Anyhow, with this begins a series of posts  which deal with everyday life topics from how much weight that I gained or lost in a day to the tsunamis that might or might not occur. Something tells me that we'll be seeing a lot of articles on 'Pots', 'Purple' and 'Flowers'. (Courtesy: Meera) -_-'
     
Considering how Meera talked about  pretty much everything that our future posts would consist of, I have no choice but to actually introduce myself. I might sound a little stand-offish and a tiny bit random,  but I'll try my hardest not to. Who am I? Dear lord, WHO AM I?! I'm just a measly seventeen year old girl with the ambition of making it big in my life. Okay, that's a lie. All I ask for is to be happy. Problem? 
Just like every other other intelligent life form with two eyes, two ears, a nose, a mouth and a functional brain, I have my angry moments, my cringe-worthy moments, my happy moments and my...not-so-happy moments.

I'm an extremely ambitious person who is time conscious, a loving sister and an obedient daughter. I'm a benign person with altruistic thoughts. I'm a social animal. And most of all, I love everyone equally. 
...
Scratch that!
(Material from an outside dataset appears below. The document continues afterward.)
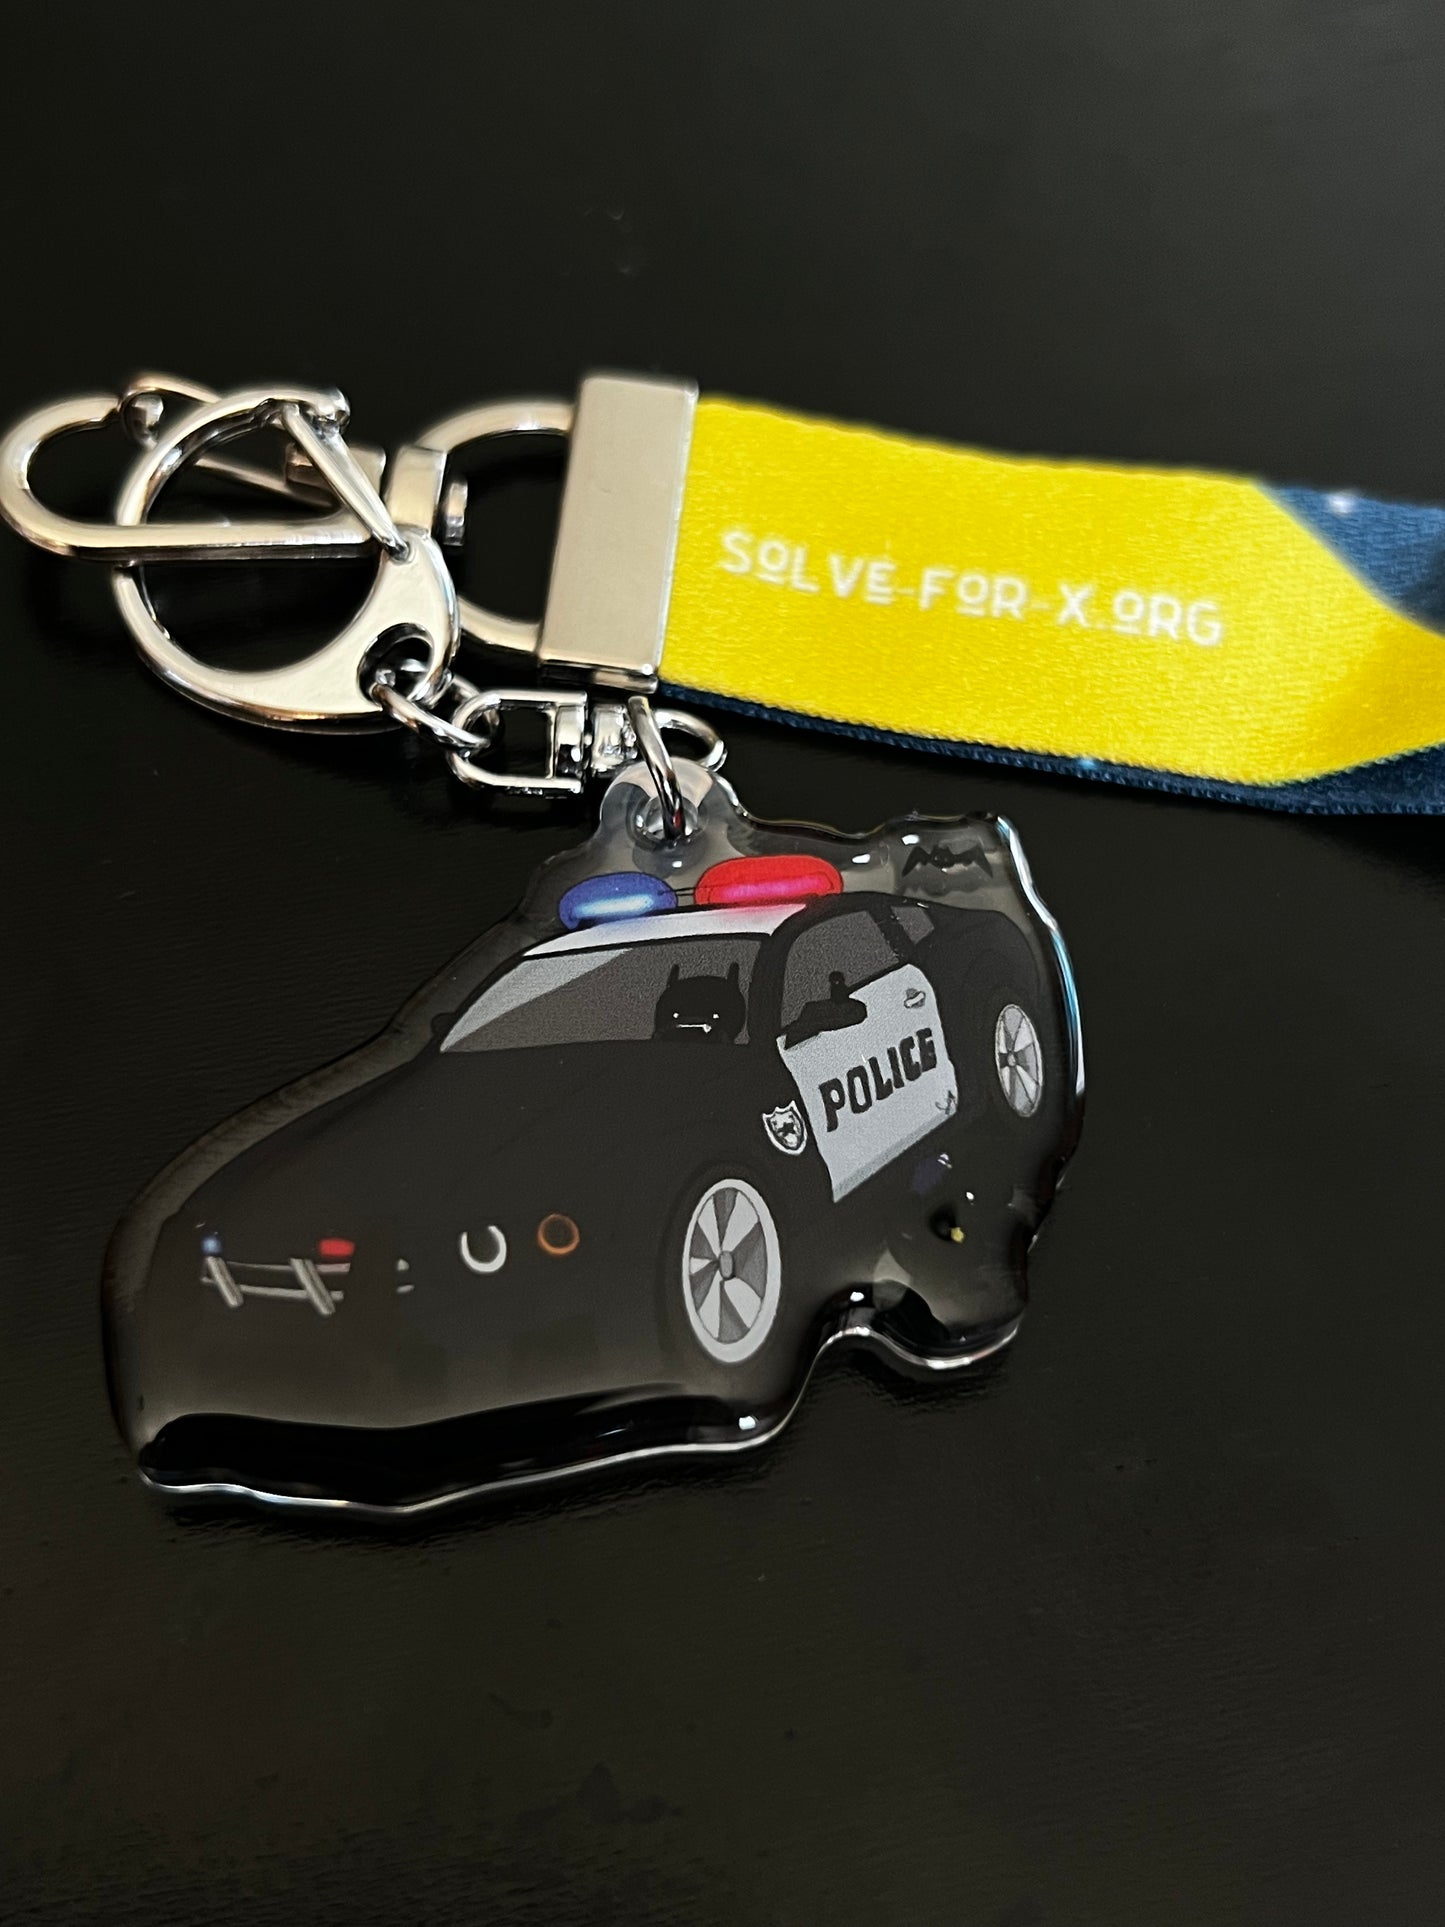 First Responder - Police Car keychain

Can't you see LIE written all over it?! I'm none of those things. Actually, I don't see how ANYONE can be all those things at a time. I'm partially ambitious with absolutely no sense of time. I love pulling my sister's hair out for the sake of my amusement and I absolutely do NOT love everyone equally! Technically speaking, that's quite impossible. I mean you have so many loathsome people like the terrorists, the urinators( You know, the people who pee on the roads? This word is probably native to India), the honkers( the people who keep honking mindlessly on the roads as though it's their god-given right to torture our poor, unsuspecting ears with excessive and if I might add, needless honking) and not to forget our charming 'Netas'. You'll have to be an absolute dunce to not notice the heavy, underlying sarcasm.

Now, coming to altruistic thoughts...*goes to make herself a sandwich* What! I was hungry! 
Mm, that was good. Back to the topic...I wouldn't call myself a genuinely altruistic person at all. I might be altruistic in thought, but in action? Not so much. Other than giving a couple of bucks to random beggars occasionally, there isn't much to my levels of generosity.
       
Looking back on what I've written, it make absolutely no sense to me. I can almost imagine my English teacher trying to jump off a cliff( Or even Tank Bund as she so famously used to say). There was neither a proper introduction nor the so called body. And if my predictions are correct, there won't be a proper ending either.
 ...
Yeah, that WAS the end! See what I meant about the proper ending part?